The results of these two investigations suggest the
possibility of several inherent modes of failure within
cruise control modules that can be initiated by the
occurrence of open and short circuits on the PCB or at the
board connectors. The findings of both reports
appear to match anecdotal field reports that cruise
control fault events appear to be random and intermittent
and are not easily identifiable afterwards and sometimes
occur when the cruise control is not engaged.
From a control system point of view, intermittent
open or short circuits on the control module PCB suggest
the following possibilities:
- open-circuited feedback resistors in a high gain
amplifier that may saturate the amplifier;
- open circuits leading to disconnection of clamping
or biassing circuits resulting in the change of state
of one or more logic gates or amplifying elements;
- leakage currents that charge up the integrating
capacitor of a P & I controller and may
drive it into saturation;
- pull down resistors on logic inputs which
fail to do their job and which make logic inputs
sensitive to stray RF inputs;
- leakage of charge to or from voltage reference
capacitors that may cause errors in the speed
reference voltage(s) of the cruise control module.
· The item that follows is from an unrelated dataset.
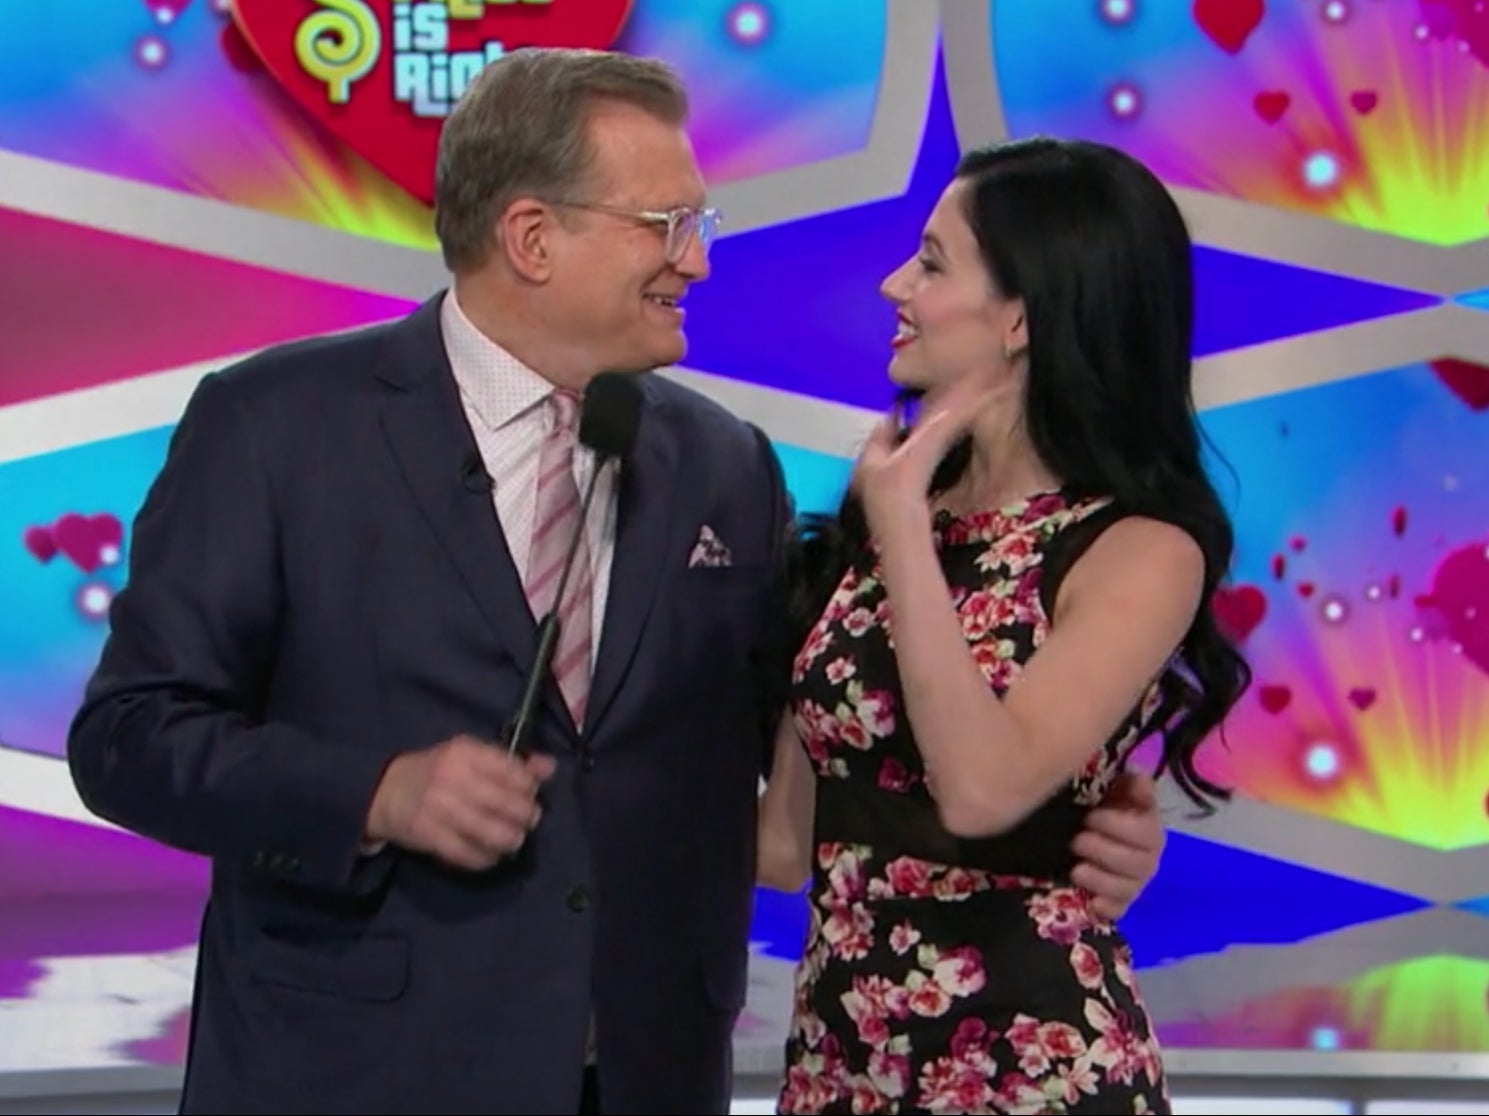 Drew Carey introduces Amie Harwick as his fiancee on the set of ‘The Price is Right’ in 2018

If a single intermittent fault occurs on a printed circuit
board, then there is a possibility that this will cause a
false, or rogue control signal that will instruct the
throttle to open. In other words, a single fault in the
PCB in the wrong place may cause sudden acceleration.
There is therefore no need to postulate, as the NHTSA do,
a requirement for concurrent multiple intermittent faults
before a sudden acceleration incident could occur. A
single fault at a critical point within the cruise control
module might well be sufficient. Arguments
that suggest that two or more simultaneous faults
are "virtually impossible" lose most of their force when
it is realised that a single internal fault in a critical
place may be all that is necessary.
The picture is now becoming clearer. (1) Some of the
electronic circuits used in automobile cruise control
are high impedance, sensitive circuits that can
potentially suffer from leakage because of the
harsh environment in which they work. (2) the electronic
circuits are vulnerable not only to leakage but to
intermittent faults (open and short circuits) developing
as a result of either the ingress of moisture and
pollution or vibration, separately or in combination (3)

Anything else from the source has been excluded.